El analista afirmó, en este escenario, numerosas instituciones de salud no atienden a enfermos con cierto tipo de seguro médico. “Estas empresas no están pagando”, comentó. Así, se rompe la cadena de pagos y los colombianos están sufriendo serios inconvenientes a la hora de atenderse ante cualquier dolencia. “Hay centros que comenzaron a cerrar servicios y hay clínicas que ya no atienden partos”, dijo Moreno.
- Déficit fiscal. Otro de los problemas urgentes que afrontará de la Espriella es el frente económico.
En ese marco, Colombia sufre un pronunciado déficit fiscal del 7% del PBI. Además, la deuda pública que supera el 64% del producto bruto interno. La inflación en Colombia cerró el año 2025 en 5,10 %, en baja en relación al año anterior. En tanto, la economía registró un crecimiento interanual del 2,2% en el primer trimestre de 2026.

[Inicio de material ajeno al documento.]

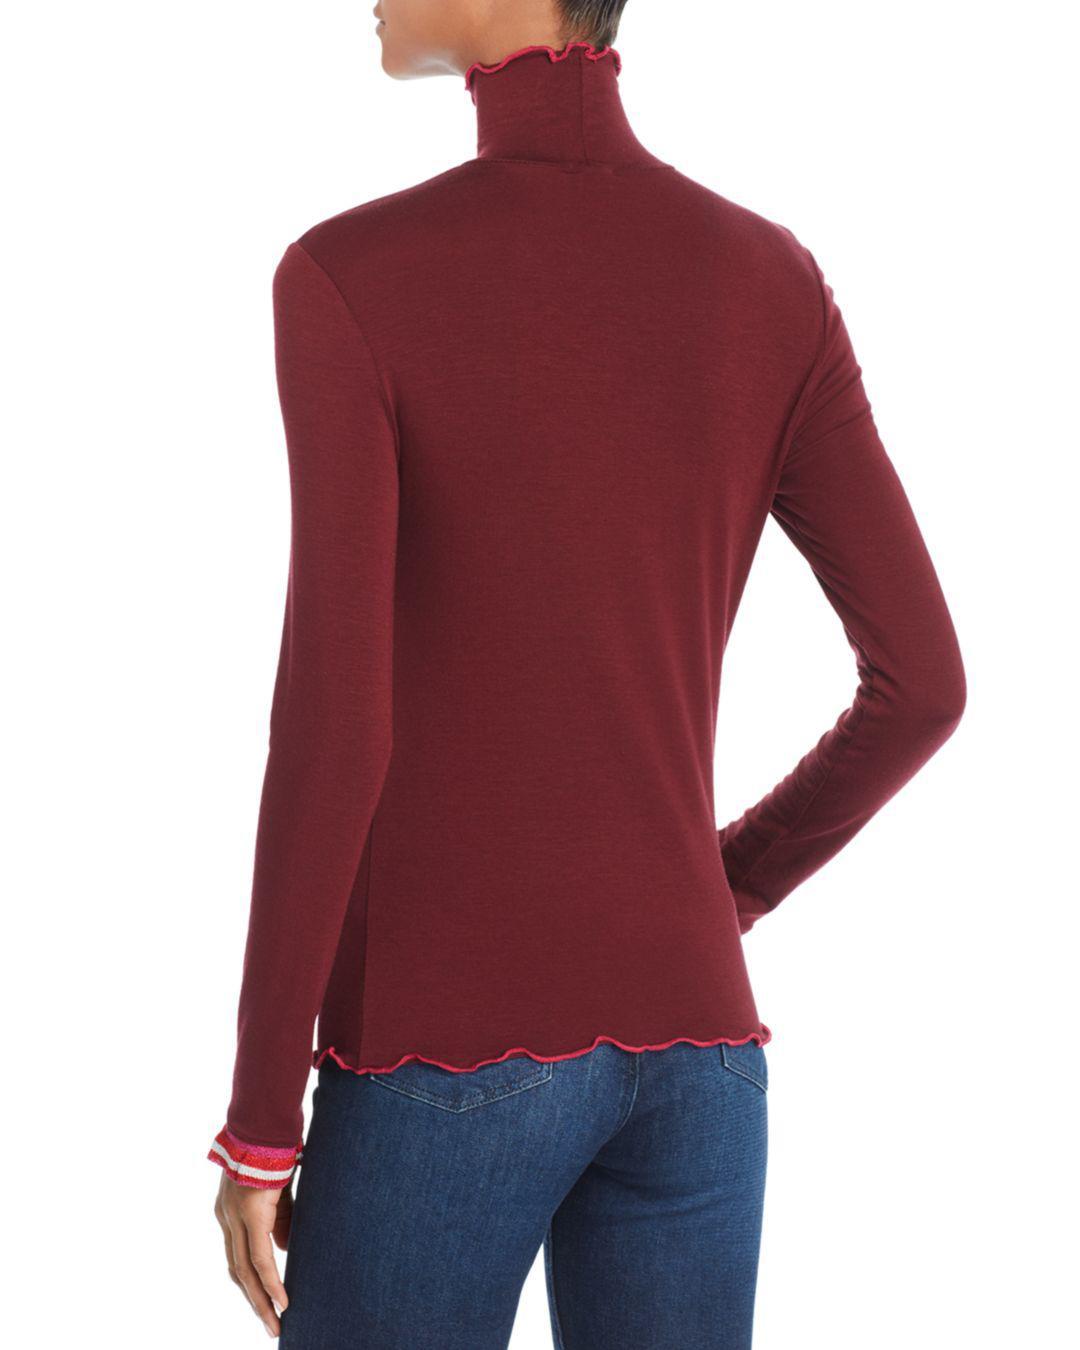 89c915801f Lyst - Splendid X Margherita Dolce Vita Turtleneck Tee in Red

“El problema fiscal es serio. De la Espriella ha prometido fuertes recortes, quitando ministerios e instituciones”, dijo Moreno.
Sin embargo, el nuevo presidente no tendrá mayoría en el Congreso para aprobar sus iniciativas, por lo que estará obligado a negociar alianzas con la derecha tradicional.
“Deberá armar acuerdos con por lo menos cuatro partidos para generar una mayoría suficiente para encarar transformaciones radicales”, concluyó el analista.